Во время одной из таких остановок откуда-то прилетели две чайки, посидели неподалеку и, когда мы тронулись в путь, исчезли.

Придумываю имена новым собакам. Одну называю Нута, что по-эскимосски означает «новая душа». Такое имя вполне подходит для вновь прибывшей. У этой грациозной собаки лисья голова, ловко посаженная на туловище, покрытом пепельной шерстью. Ей около трех лет.

Вторая собака была названа мною Аринна. Она участвовала в моем путешествии на Северный полюс и до прибытия сюда находилась на базе Аврора, дожидаясь своего часа. Это было существо пяти лет от роду, с рыжей шерстью и с жалко свисавшим набок полуоткушенным левым ухом. Она была настолько грязной, что я ее не сразу признал. Так я и назвал ее Аринна, что на эскимосском языке означает «грязная».

4 июля

Ясно. Минус 11–14 градусов.

Отправляюсь в путь в семь часов утра, когда еще довольно холодно. Постепенно температура повышается, и к полудню жара начинает изрядно мучить моих собак. Вносит свою лепту и рыхлый снег.

Время нашего девятичасового трудового дня распределяется следующим образом: два с половиной часа езды, затем час отдыха, вновь два часа езды, час отдыха и под конец еще два с половиной часа езды. Поскольку во второй половине дня скорость нашего продвижения резко снижается, за весь день проходим всего около 40 километров.

На месте нашей стоянки собаки в течение 20–30 минут никак не могут отдышаться: открыв пасти, они жадно глотают воздух. Немного погодя ложатся и засыпают как мертвые.

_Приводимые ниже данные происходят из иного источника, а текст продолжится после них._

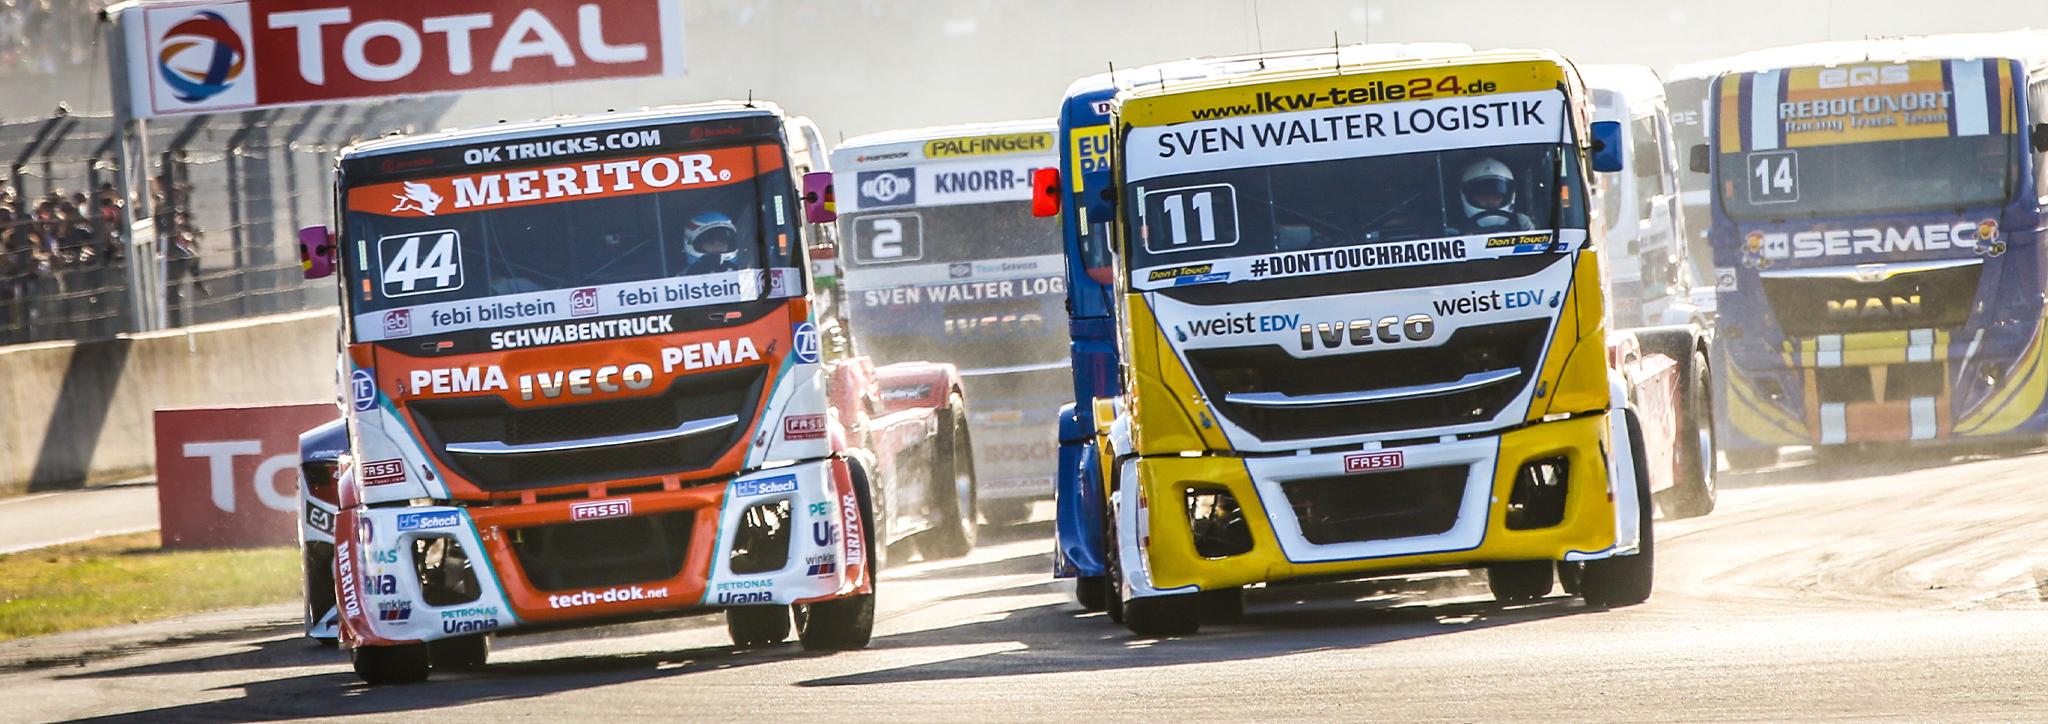 FIA ETRC - Een kijkje in de wereld van truck racing met IVECO-coureur Steffi Halm

До получения последней партии продовольствия я совершал свой путь в ночное время. Теперь белые ночи кончились, и со вчерашнего дня я перешел на дневной образ жизни. Следует сказать, что, когда сутки перестают делиться на ночь и день, это делает вашу жизнь в известной мере неупорядоченной. Но наступившее четкое разделение дня и ночи неожиданно внесло в мое существование оттенок суеты и нервозности: они по очереди подгоняли меня.

Уставшие собаки спали. Сегодня Аринна так и не включилась по-настоящему в работу. Нуссоа еле тащился, и его пришлось отстегнуть. Что-то снится ему, так намучившемуся за сегодняшний день? Мне кажется, что собакам снятся сны: может быть, им слышится мой приказ «яя!», или они видят, как дерутся за свою долю в кормежке. Только во сне они все время вздрагивают и повизгивают.

5 июля

Облачно и снег, затем ясно. Температура воздуха — минус 14–13 градусов.

Проснувшись, я выпил кружку кофе и отправился в путь в восемь часов. Из-за густого тумана я почти не вижу бегущую в 15 метрах впереди меня Рису. Сегодня впервые я пользуюсь компасом. Большой морской компас, сделанный в виде глобуса, я прикрепил к передней части нарт и с его помощью веду упряжку. Я не пользовался до сих пор компасом, потому что мой путь идет по району, находящемуся близко к магнитному полюсу. На мысе Колумбия необходимо было вносить в показания компаса поправку почти в 90°, здесь она составляет около 45°. Внося эти поправки, я каждый раз рискую ошибиться.

Но солнца не было, снежных застругов тоже не видно, и мое путешествие напоминает путь морского судна в открытом море ночью. В таких условиях ничего другого не оставалось, как идти по компасу. Когда восемь часов спустя в конце пути я сверил показания компаса с данными своих астрономических наблюдений, то обнаружил, что отклонился всего на 1,6 минуты, или на три-четыре километра к западу.

Кроме того, сегодня я впервые опробовал еще одну вещь — четырехугольный прямой парус, изготовленный для меня Тадой. При сильном ветре он был весьма эффективен, но при слабом только мешал движению нарт. Это происходило оттого, что его сбивал набегающий при движении нарт встречный небольшой ветерок.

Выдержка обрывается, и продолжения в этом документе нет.